The 4th Geneva conventions and their additional protocols also protect civilians and their properties, as well as public properties, such as schools, universities, hospitals, places of worship, bridges, farms and factories.

Turkish airstrikes against Kurdish forces have partially destroyed a 3000-year-old temple in northern Syria.

These principles are based on the distinction between military and non-military targets in Article 48 of Protocol I of 1977.

International humanitarian law has provided general and special protection for civilian objects. In flagrant disregard of international law, Turkey is targeting innocent civilians and the destruction of cultural objects.

The Turkish army also attacked the infrastructure in north-eastern Syria, including dams and factories, constituting a gross violation of international law.

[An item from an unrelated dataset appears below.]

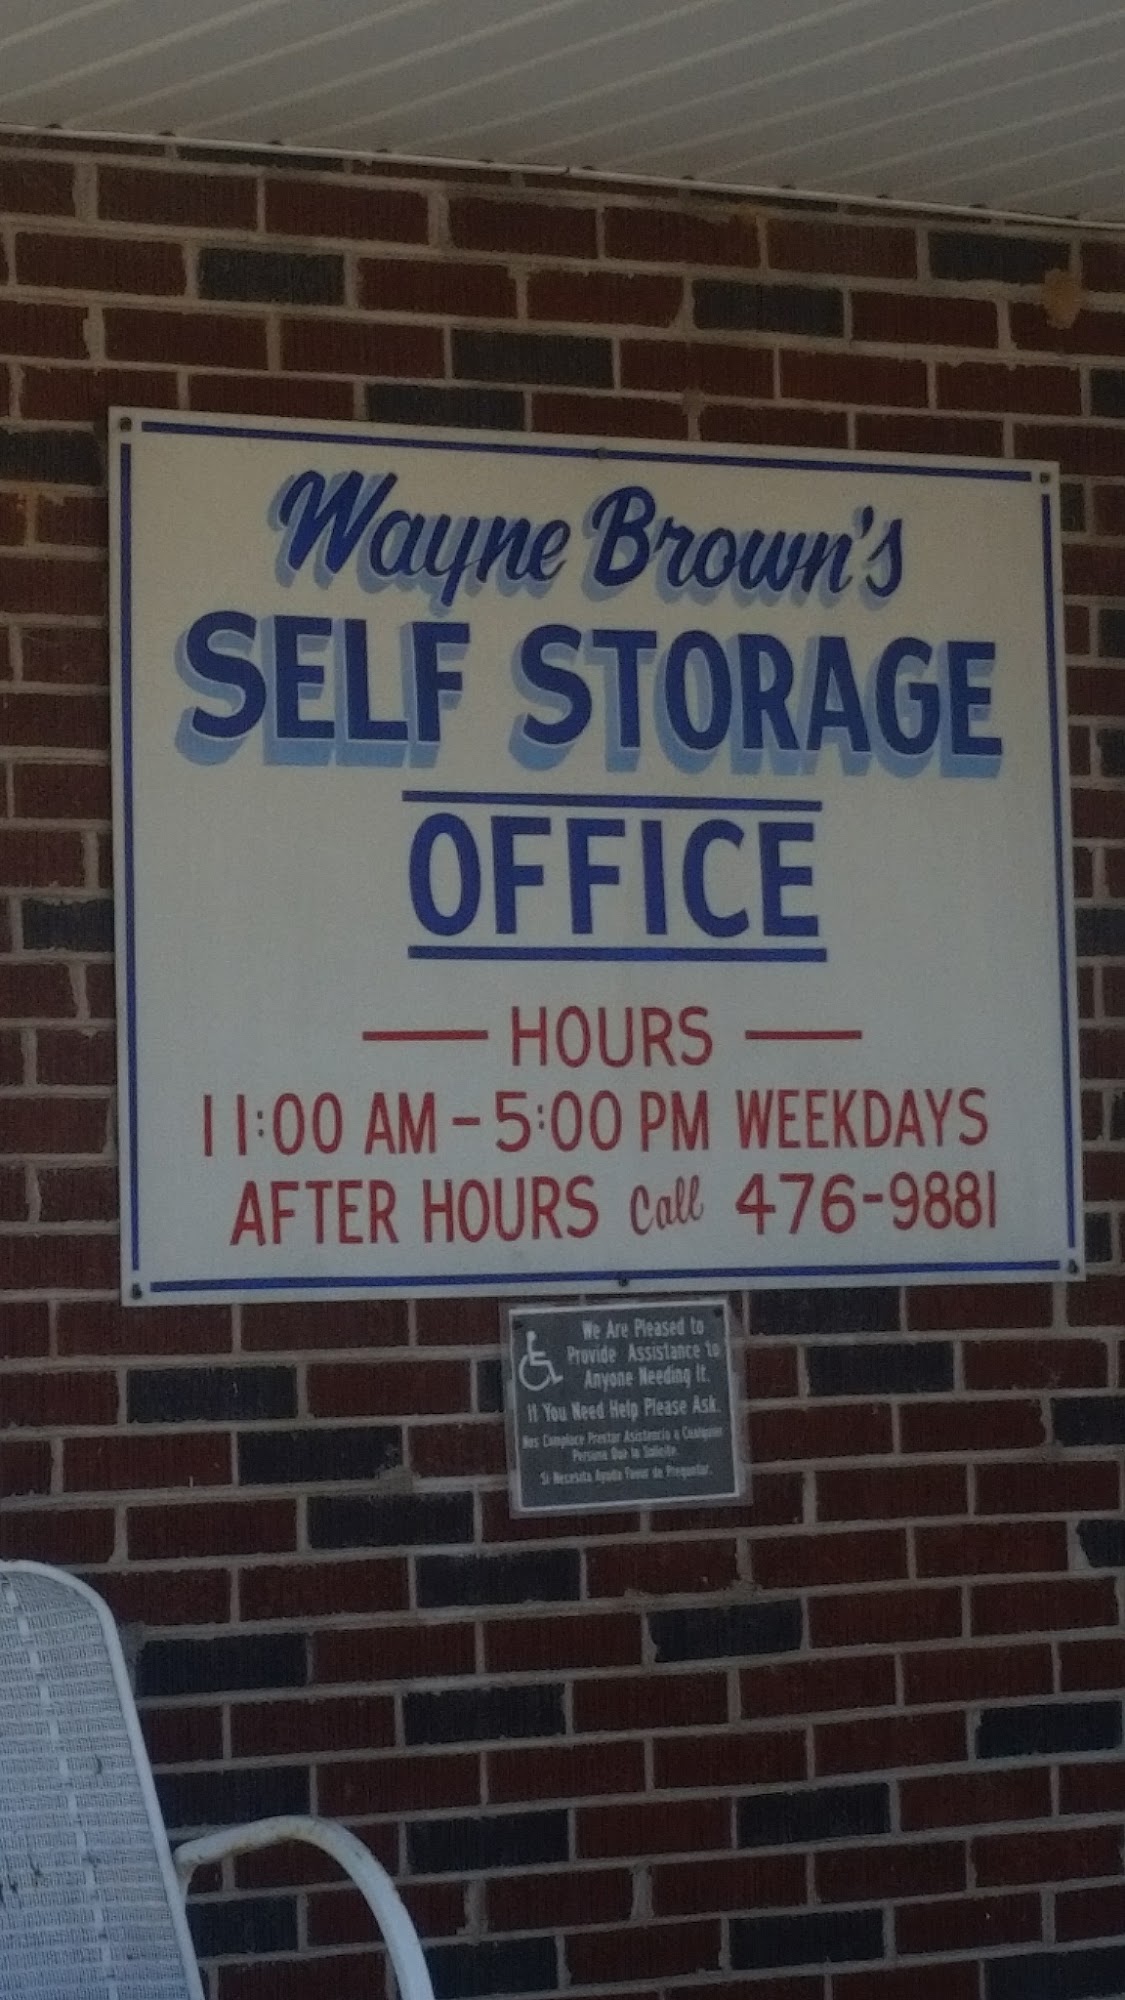 Wayne Brown's Self Storage
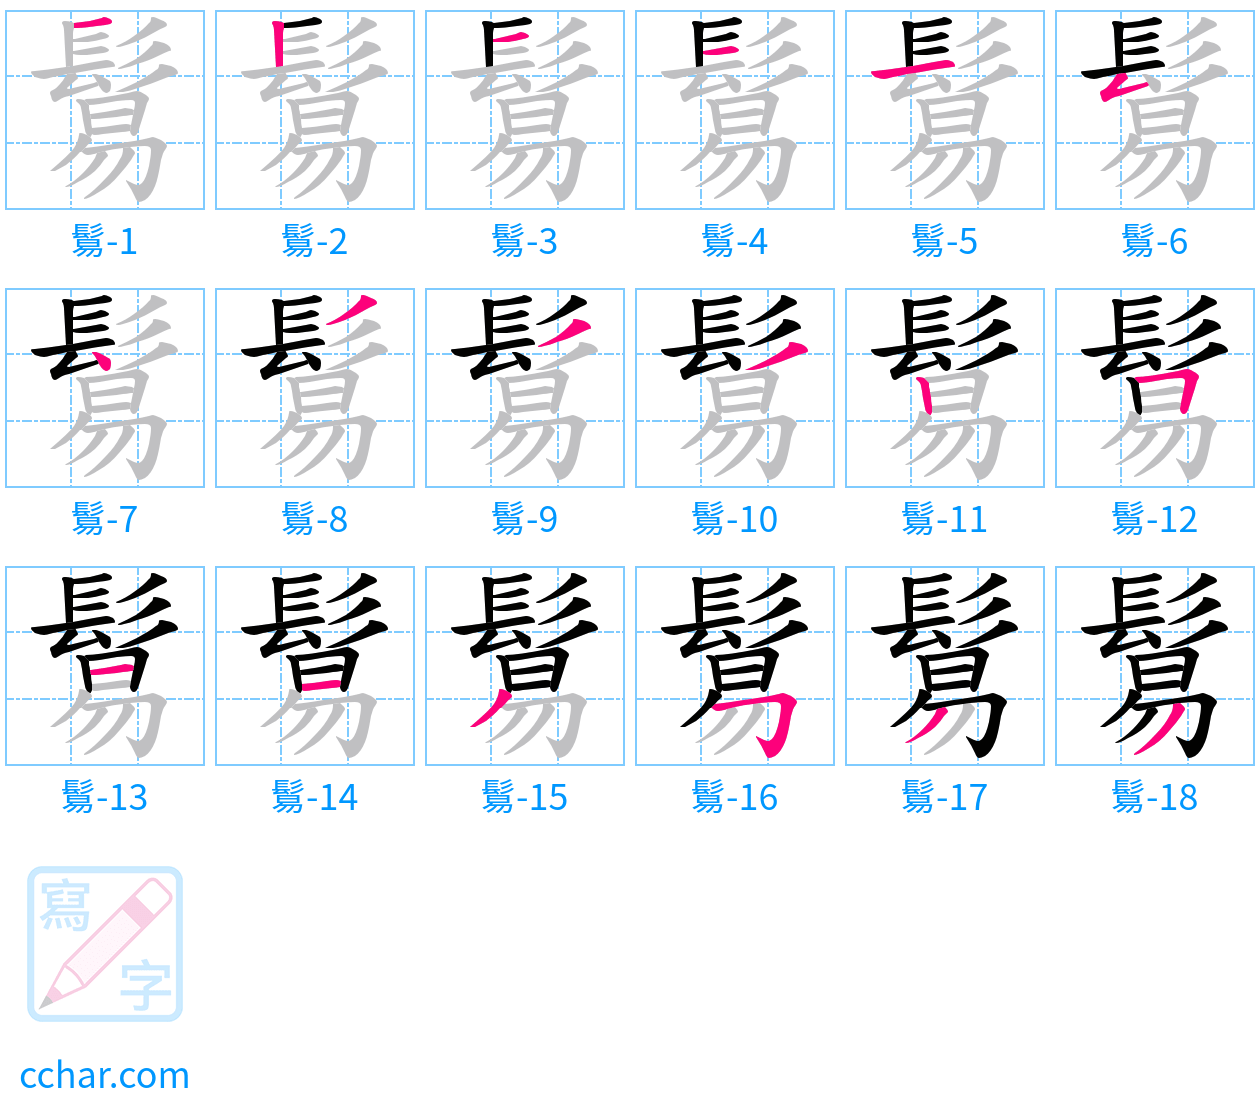 鬄 stroke order step-by-step diagram

Turkey’s breach of international law is not merely the opinion of solidarity groups; the Council of Europe has through the European Court of Human Rights condemned Turkey more than 2 800 times since 1959.

Religious extremists who surround the current Turkish government know that Rojava does not threaten them militarily. It threatens them by providing an alternative vision of what life in the region could be.

Above all, they feel it is critical to send the message to women across the Middle East that if they rise up for their rights, let alone rise up in arms, the likely result is that they will be maimed and killed, and none of the major powers will raise an objection.

The Kurdish Human Rights Action Group (KHRAG) in South Africa calls on Turkey to immediately stop its war in north-eastern Syria.

Turkey should not try to delegitimise people’s rightful claims to self-determination by branding them terrorists, and should seek a political solution through dialogue based on dignity, human rights and not war.

* Patel is the chairperson of the Kurdish Human Rights Action Group Cape Town.

** The views expressed here are not necessarily those of Independent Media.